WORK REQUEST - Copy out every line of the data exactly; do not include the images.

GIVEN DATA -
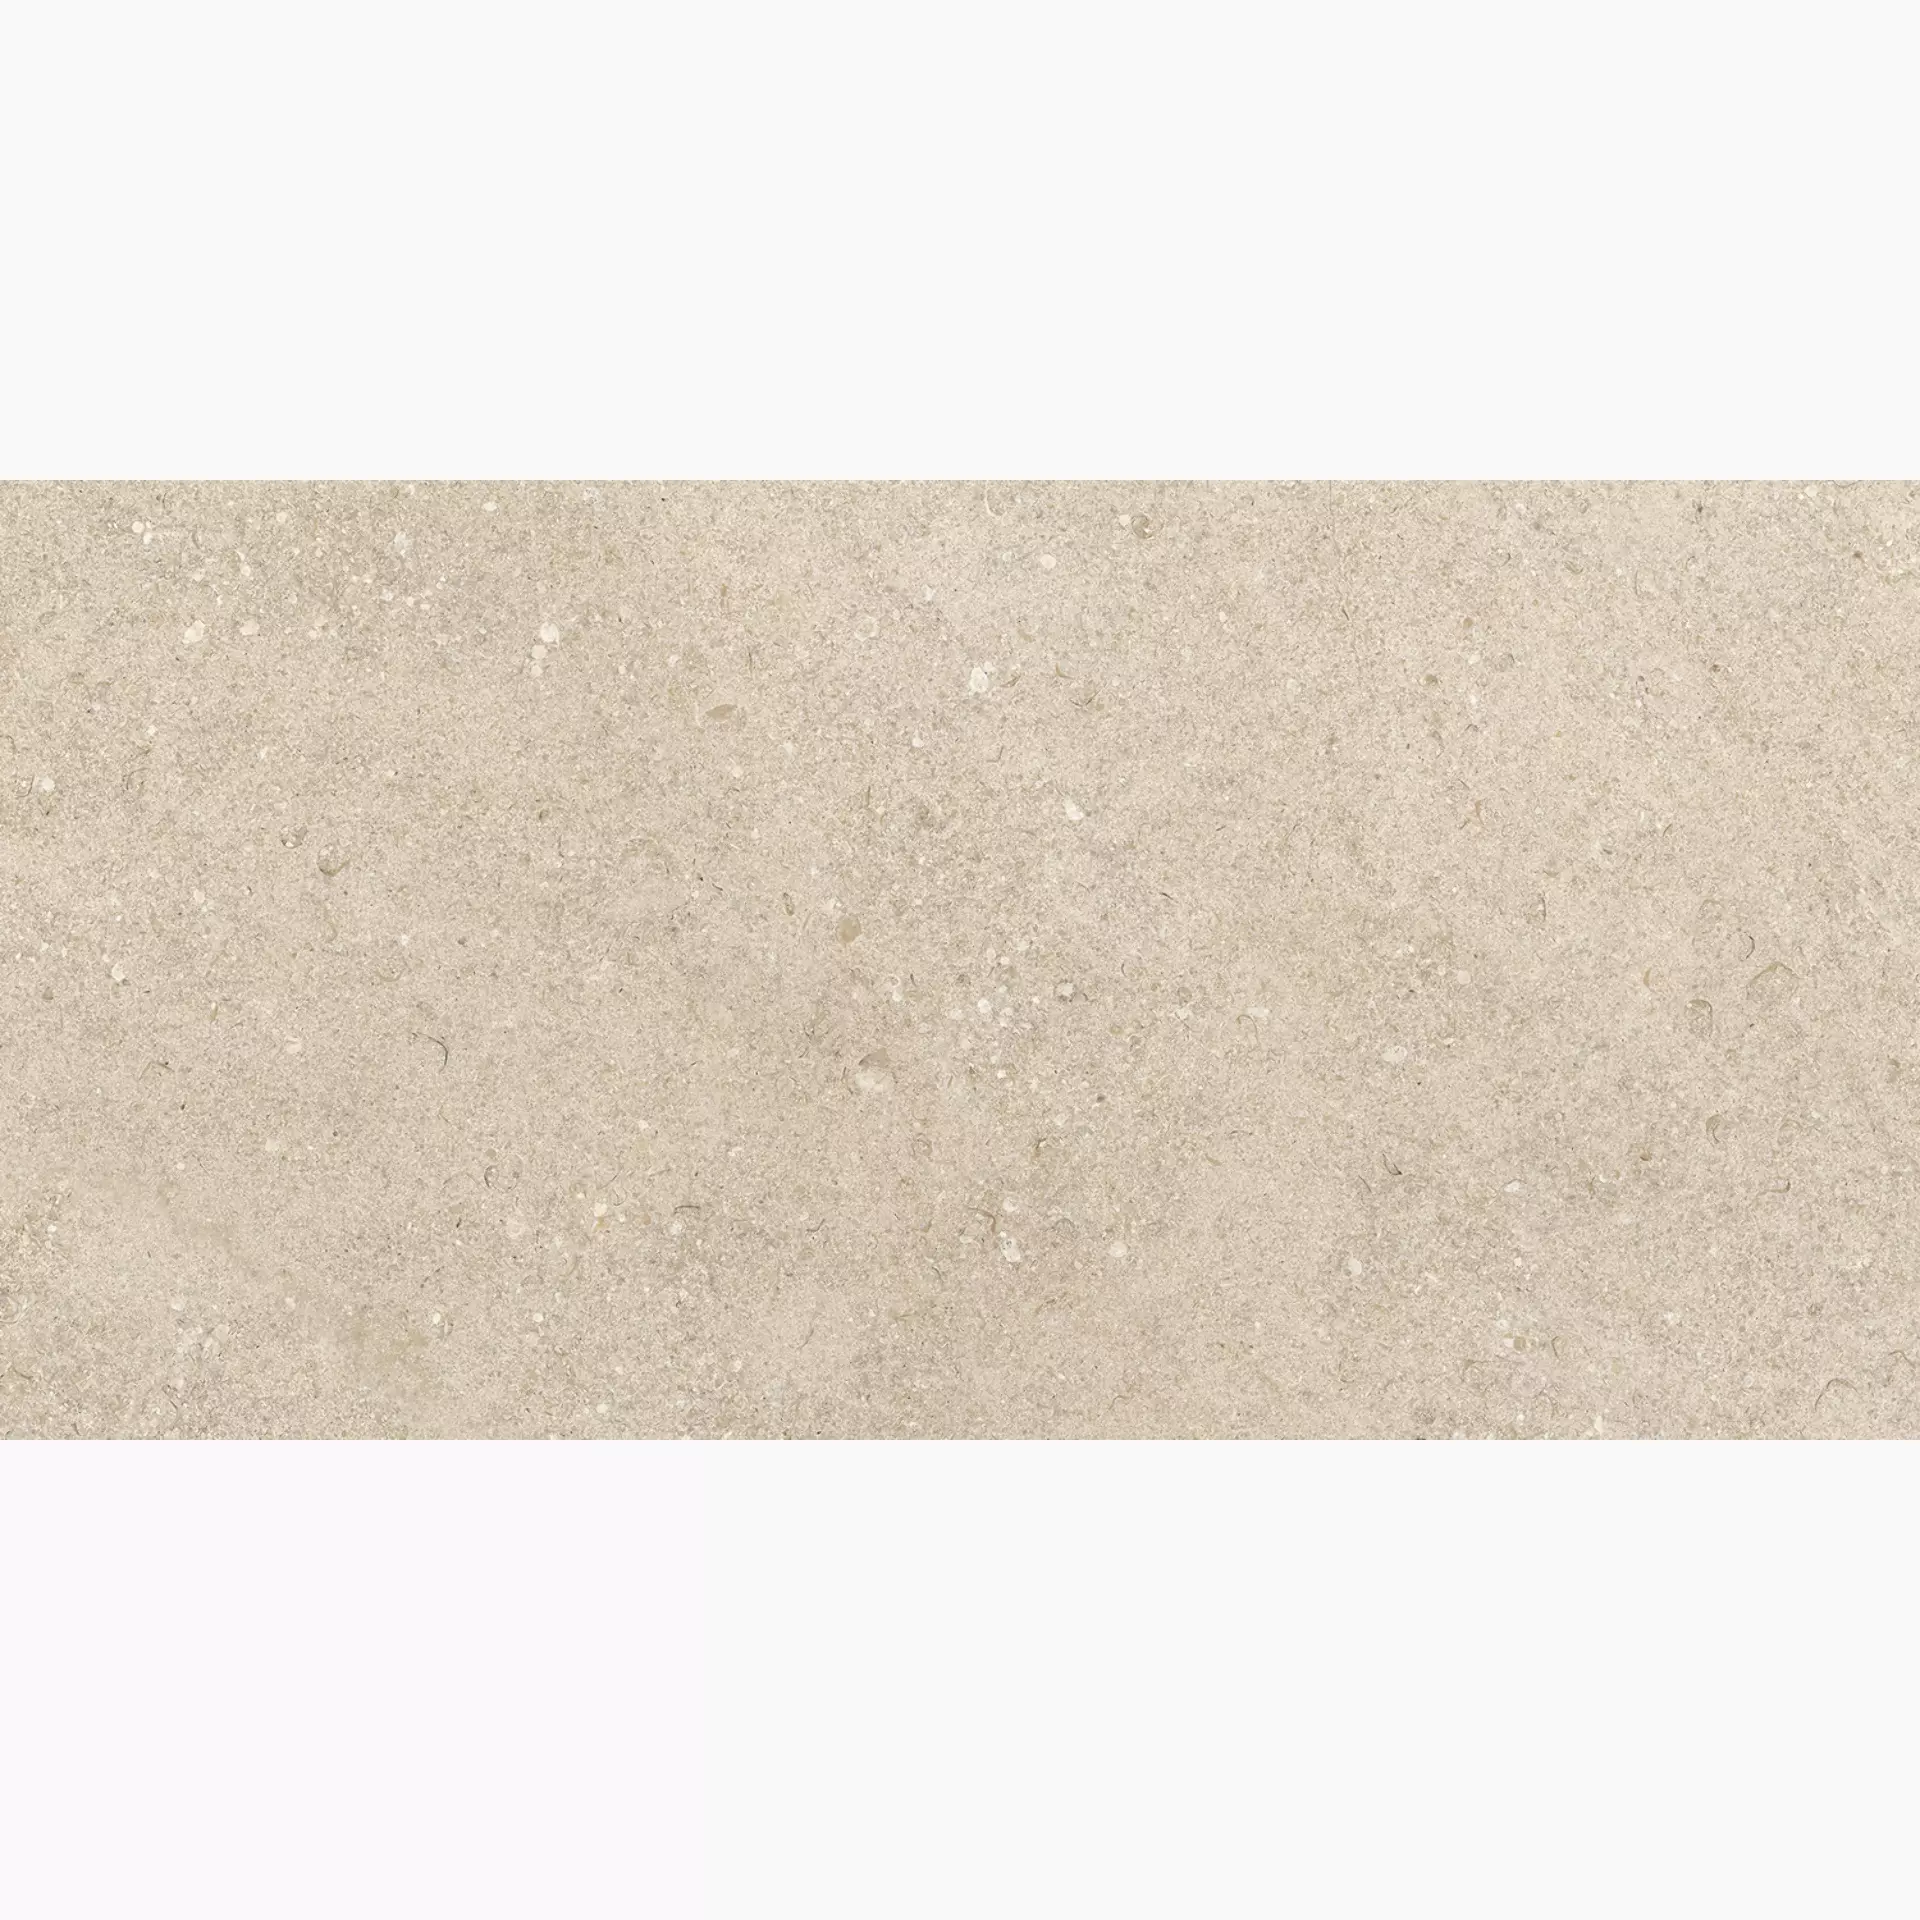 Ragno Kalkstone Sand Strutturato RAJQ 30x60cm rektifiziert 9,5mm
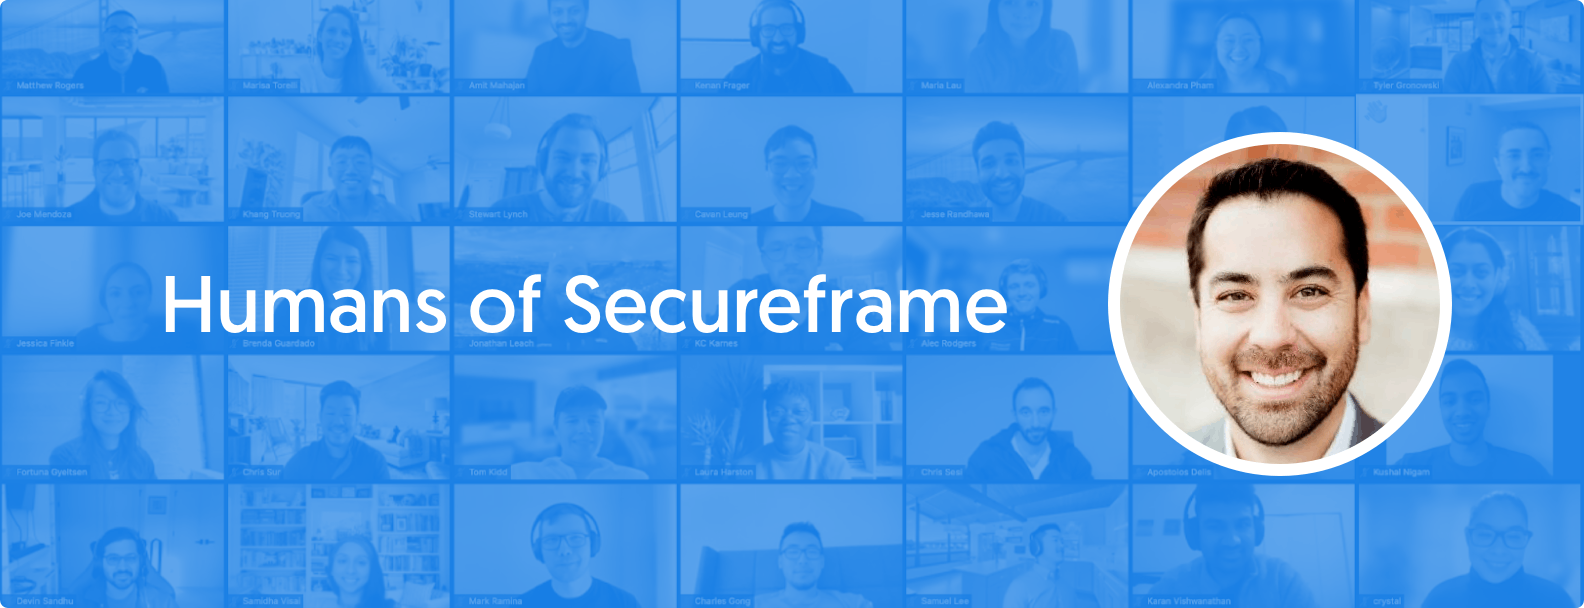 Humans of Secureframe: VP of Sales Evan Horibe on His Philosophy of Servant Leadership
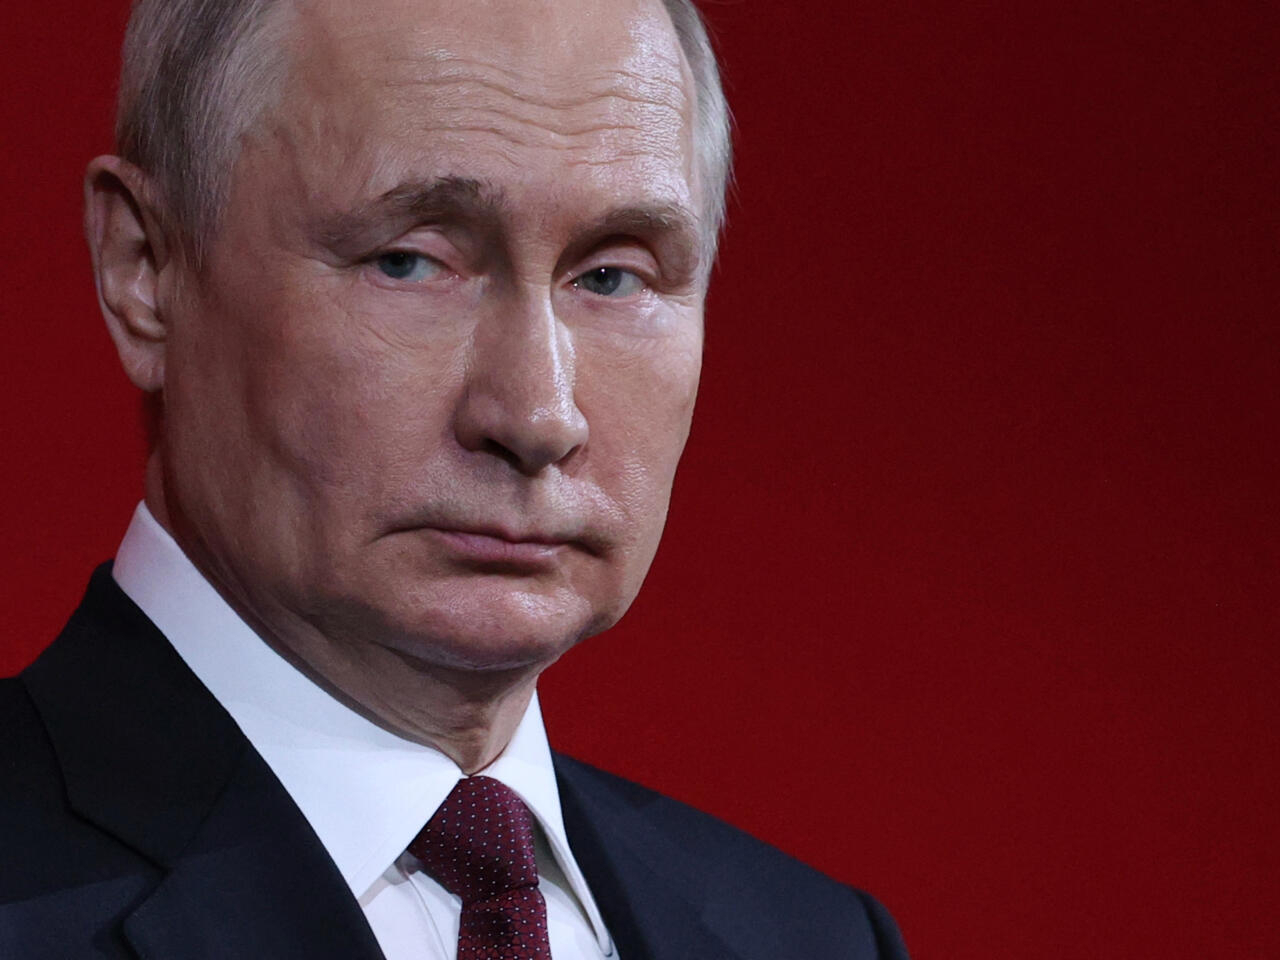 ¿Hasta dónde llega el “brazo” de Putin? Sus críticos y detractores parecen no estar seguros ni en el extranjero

ANSWER FOR THIS EXERCISE -
 Ragno Kalkstone Sand Strutturato RAJQ 30x60cm rektifiziert 9,5mm
 Humans of Secureframe: VP of Sales Evan Horibe on His Philosophy of Servant Leadership
 ¿Hasta dónde llega el “brazo” de Putin? Sus críticos y detractores parecen no estar seguros ni en el extranjero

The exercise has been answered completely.